At the time, railway officials were pondering a few different routes to Key West. Flagler believed extending his tracks to the southernmost point had the potential to open up new trade routes with Cuba and Latin America, particularly if the Panama Canal was built.
Krome first led an expedition along the Everglades’ Cape Sable, which would take the railway west through the Everglades and then south across Florida Bay. After a miserable trip through the marsh, sawgrass, and mosquitoes, which Krome documented in his diaries, the company decided to build a track that would follow the natural line of the islands to Key West.
Construction on the extension began in late 1904 and during that time, Krome served as assistant construction engineer for chief engineer Joseph Meredith. Around the same time, Krome acquired property in what is now Homestead. Today, Krome is regarded as one of the city’s first residents and its current main street still bears his name.
In 1909, Meredith died and Krome assumed the position as chief engineer, overseeing nearly 4,000 workers at the height of the effort. Although he tried to quit a few times, Krome and his crews finished the line after a grueling eight years of construction and some major hurdles, including three hurricanes. Krome detailed the losses in letters to his father, said his granddaughter, Medora Krome, who still lives in the Homestead area today.
“It was a horrendous job. He was not only building, but devising techniques no one had ever used before,” said Tom Hambright, Monroe County historian. “There were all sorts of headaches every day and logistics of getting stuff down there. They got cement from Germany, rocks from New England, and they brought fresh water down from the Everglades. He had to get everything in the right place at the right time.”
During his sixth year on the project, Krome married Isabel Burns, and the couple had four children, Mary Elizabeth, Bill, Robert and Jack. In addition to raising her family, Krome’s wife was responsible for maintaining the family’s citrus groves. Luckily, she had grown up on a citrus grove near Cape Canaveral and knew a great deal about horticulture. The couple later befriended David Fairchild, the famed tropical botanist who headed the U.S. Department of Agriculture from 1904 to 1928, and Wilson Popenoe, a plant explorer who worked for the USDA in Latin America.
In his autobiography, The World is My Garden, Fairchild wrote about Krome’s green thumb: “W.J. Krome, the young active engineer whom Mr. Flagler had put in
charge of building the Overseas Railroad, was at heart almost more interested in commercial horticulture than in that great engineering work. He and his associates had homesteaded land around what is now the town of Homestead. It was there that I first saw tangelo in fruit. Krome had two bearing trees and was planning to put out ten additional acres the following year.”
Soon after, when canker threatened the state’s citrus crop in 1914, Krome was in charge of eradicating the disease through controlled burns, his granddaughter said.
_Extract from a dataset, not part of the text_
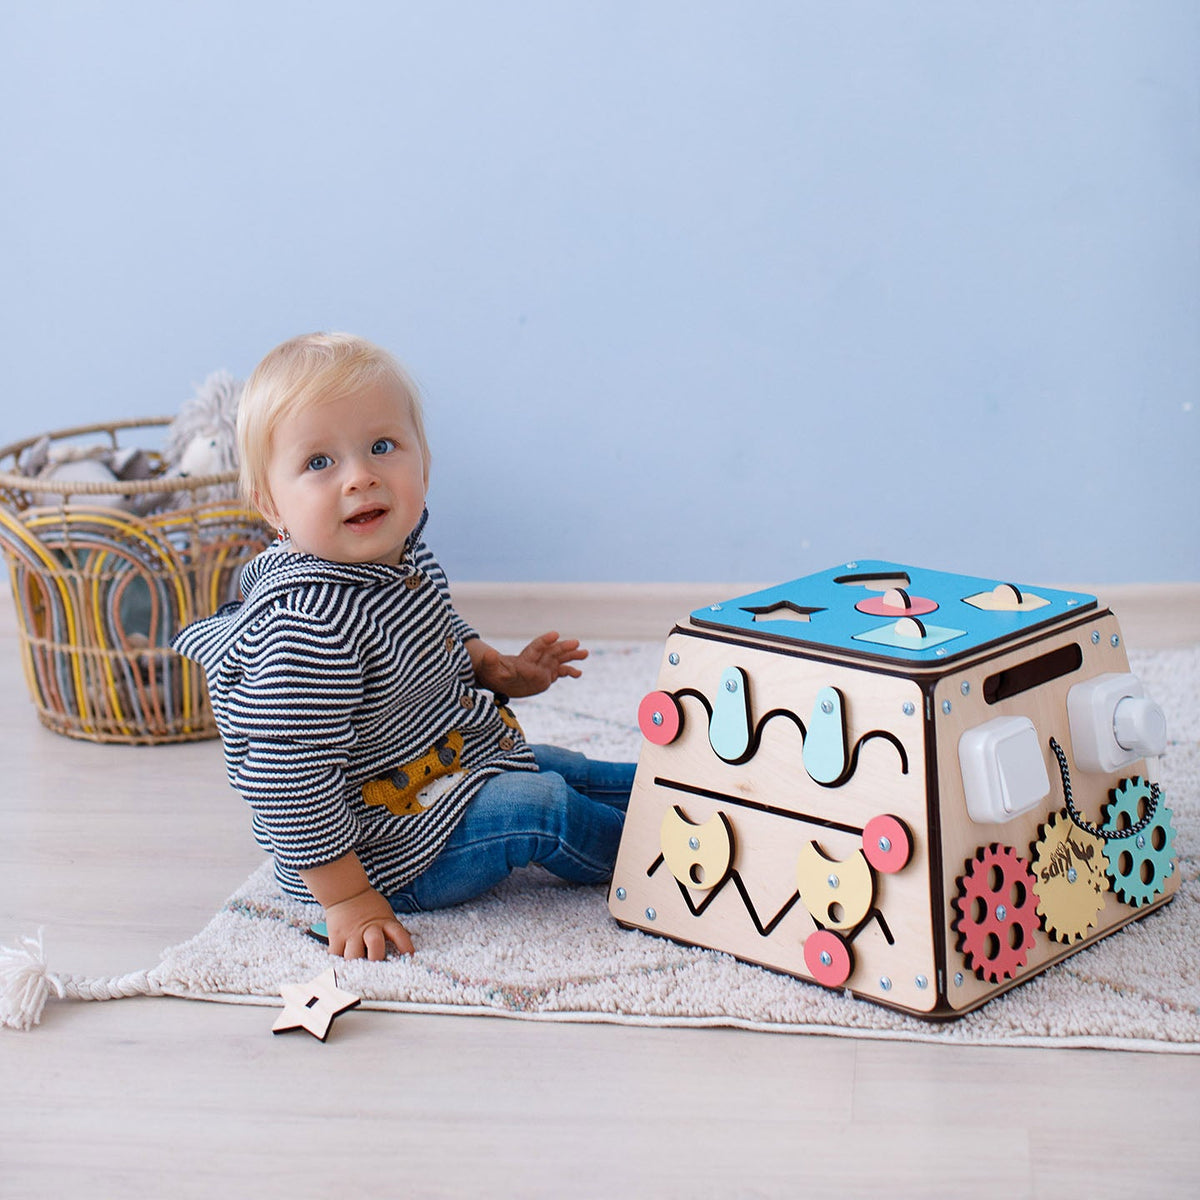 Lavagna per attività, Montessori® Giocattolo in legno, giocattolo educativo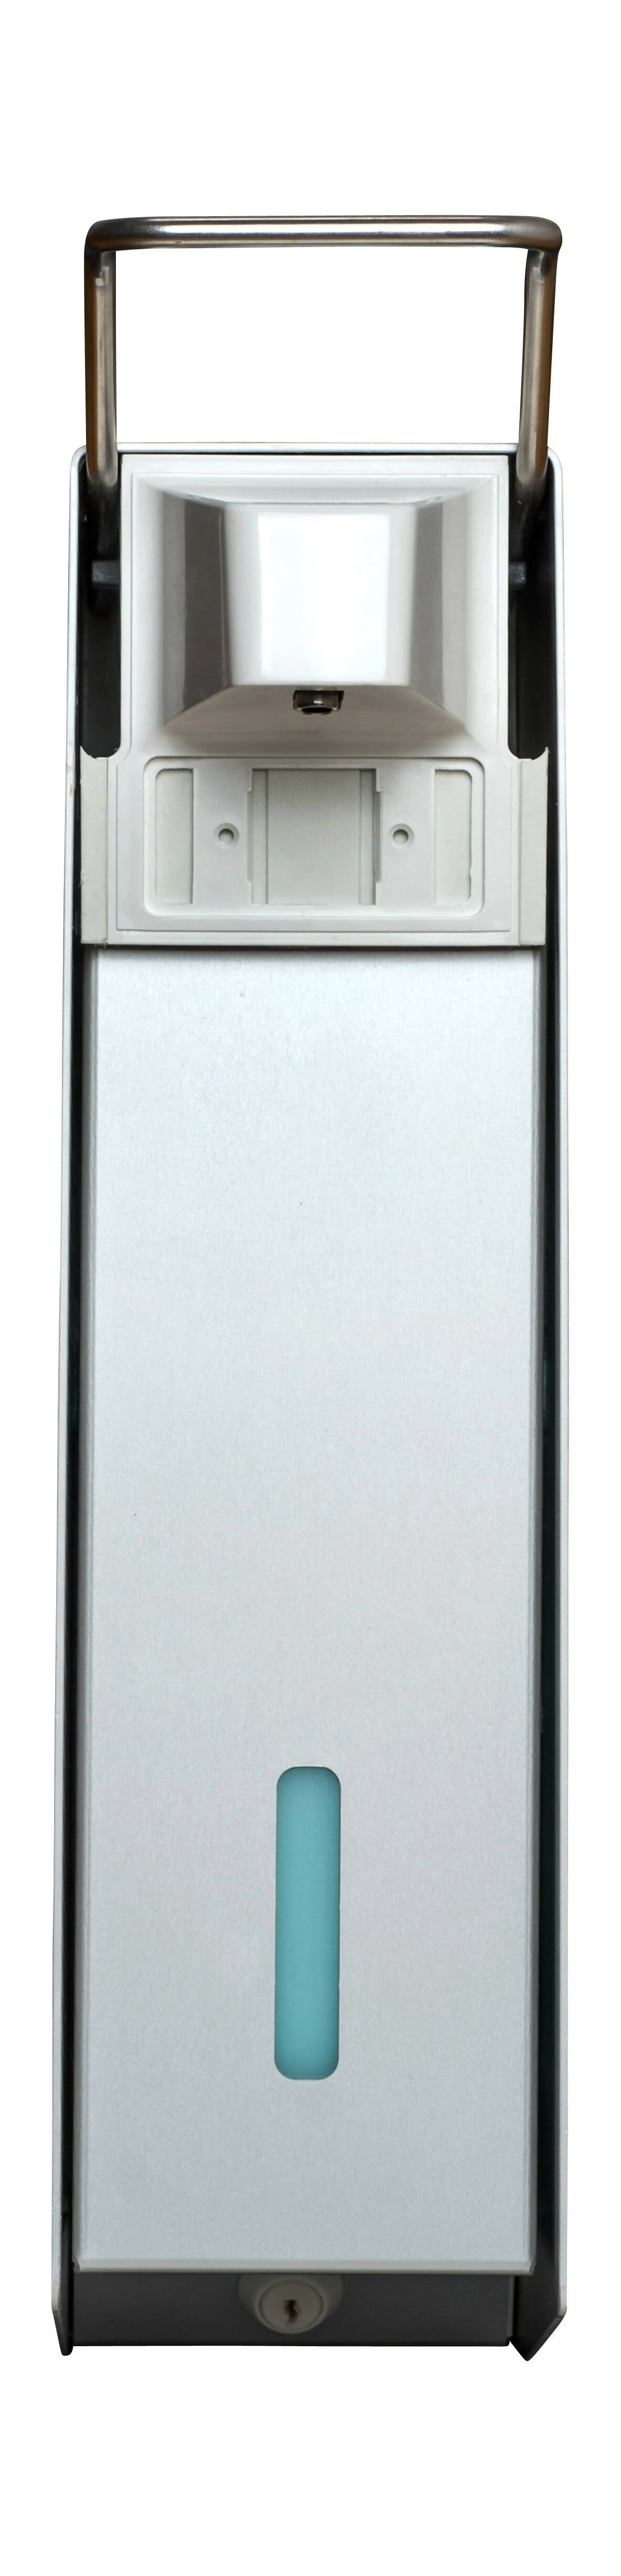 SORIFA - Distributeur mural métallique robuste, ergonomique, verrouillable pour flacon 2.5L de marque SORIFA - Pour gels et savons liquides.

And when he retired from the railroad in 1919 to focus on cultivating citrus, avocadoes, and mangoes, Krome was vice president of the Florida Horticultural Society, a post he held until 1927, records indicate.
Though Krome died young, his first son, Bill, gained a love for horticulture from both his parents. Throughout his life, Bill was a proponent for the Florida agricultural community, and helped develop standards for the optimal picking time for avocados and limes, which improved the reputation of local fruit, Crane said. He also managed the family groves as his mother aged and officially took over when she died in 1977. Bill Krome died in 2000, but his daughter still maintains about 200 acres of the family groves where 40 different varieties of avocados are cultivated.
Information for this story was gathered from “The Villages of South Dade” by Jean Taylor, “A Journey Through Time” by Paul George, “Last Train to Paradise” by Les Standiford, the Florida State Horticultural Society, family letters provided by Medora Krome, the Homestead Historic Town Hall Museum, the Jerry Wilkinson archives, and the Florida Keys History & Discovery Center.